Estetik duygu bir insanın yarısıdır, diğer yarısı da etik değerleridir. Etik ve estetik, fizik ve matematiğin uyumu içinde olduğunda, o insan; hem toplumsallaşmanın uyumluluğu, hem de kainatın mükemmelliği içinde derin bir bütünleşmeye ulaşır.
Estetik duygusu zayıf ve etik değerleri yozlaşmış bir insan ya da toplum, yeryüzünde travmatik ve nevrotik kişiliğe kapı açar ve şeytanın/zalimin yoluna taş döşer.
Sanat, edebiyat, mimari vb. bütün sanat kolları, insanın gelişen estetik duygusu sayesinde sonsuzluk arayışına kapı açar ve ancak etik değerlerle buluştuğu oranda, insanlığa ve tarihe mal olur ve toplumsal, tarihsel gelişime olumlu bir değer katar.
Estetik ve etik değerler, bireye özgü olduğu kadar aynı zamanda yeryüzünde bütün sınırları aşan ve toplumsallaşan değerlerdir ve her toplumun kendine özgü tarihsel nitelikleridir. Her birey, toplumsal ve tarihsel birikimden beslendiği kadar, onlara kendi, özgünlüğünden yeni değerler katabilir. Ancak bunu başarabilmesi için, sabırla ve azimle, yeryüzünde doğal ve insani olarak yaratılmış bütün estetik ve etik değerleri, ayrımcılığa uğratmadan özümsemesi ve kendinden katacağı özgünlüğü en mutavazi şekilde oluşturması gereklidir.
Bir toplumun etik ve estetik değerlerde bir miktar öne çıkması, diğer toplumlardan doğrudan üstün ve ayrıcalıklıo olması anlamına gelmez. Bu durum, sadece diğerlerinden farklılaşması, farklı olması ve destekleşmesi anlamına gelir ki bütün bu farklılaşmalar, insanlığın tarihsel ve toplumsal zenginliğidir. İnsanlık bu farklılaşmalarla beslenir, destekleşir ve güzelleşir.
Estetik ve etik değerler, kadim çağlardan bu yana toplumsal ortak iyinin inşasında, aşağıdan yukarıya bir süreç olarak gelişmiş, doğal toplumun toplumsal ortaklaşma ve kaynaşmasında önemli bir rol oynamıştır. Yeryüzünün estetik ve etik değerlerinin coğrafyasını çıkardığımızda, tek bir rengin tek bir coğrafyaya hakim olmadığını, aksine bütün renklerin her yana yayıldığını ve iç içe geçtiğini görebiliriz. Bu görüntü, zıt ikiliklerin ve kutuplaşmaların değil, çoğullaşmaların ve melezleşmelerin, yeniden ve yeniden renkleşmesi ve kaynaşmasının yeryüzündeki bir ifadesidir.

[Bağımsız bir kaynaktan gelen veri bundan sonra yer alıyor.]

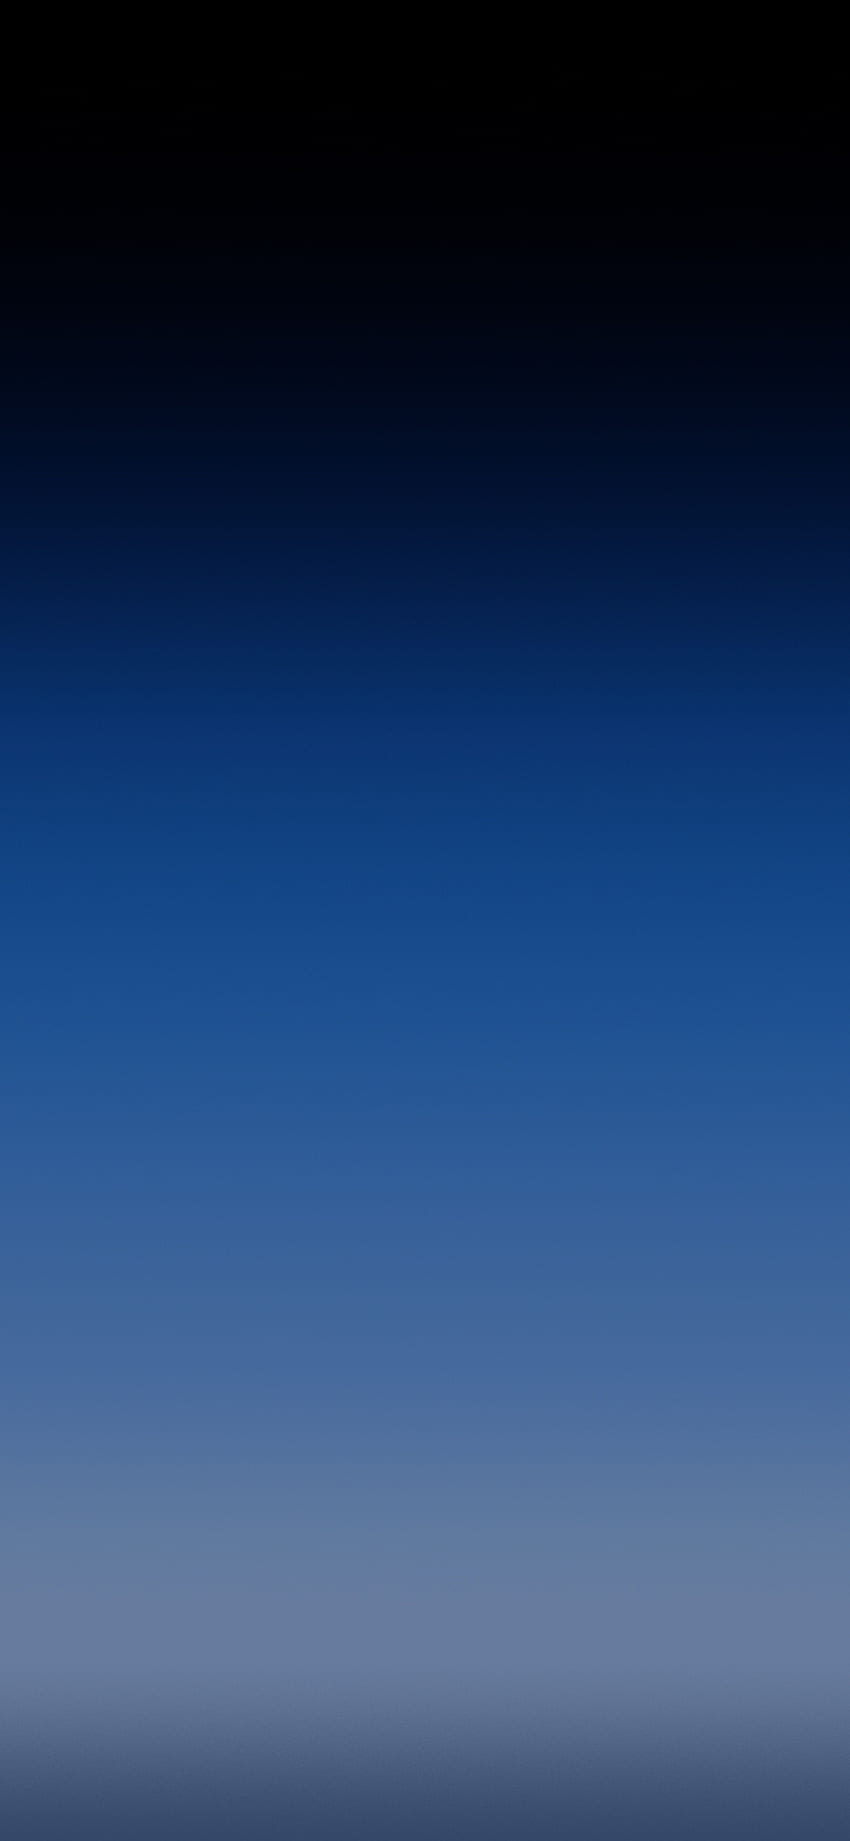 IPhone X z minimalnym gradientem autorstwa Danielghuffmana Light 3375 × 7308 pikseli. Niebieski Iphone, Ombre Iphone, IPhone, Czarno-biały Gradient Tapeta na telefon HD

Doğal toplum sürecinden sonra, estetik ve etik değerlere, yukarıdan iktidar kurucu bir motivasyon eklenmiş ve süreç tersine dönmüştür. Bu kadim değerlere; hırs, güç ve egemen ideoloji hakim olmuş ve tahakkümcü bir tarzda yukardan aşağıya inşa süreci başlamıştır. Her insanın güç ve ideolojiye bulaşmadan, yani iktidarlaşma ya da üstünlük hissetmeden, toplumsal ortak iyiye/kamuya sunduğu bu değerler, iktidarın kara deliğine çekilerek özümsenmiş ve iktidar kurucu güçlerin tekelinde, yeniden biçimlendirilmeye başlanmıştır. Elbette estetik ve etik değerlerin özgürlük ırmağında akışı asla durdurulamamıştır. İnsanlığın bu kadim ırmağı, bazen yeraltı sularına karışarak bazen yeni kaynaklar yaratarak, yeryüzünün özgürlük ve adalet ırmağına güç vermeye devam etmiştir.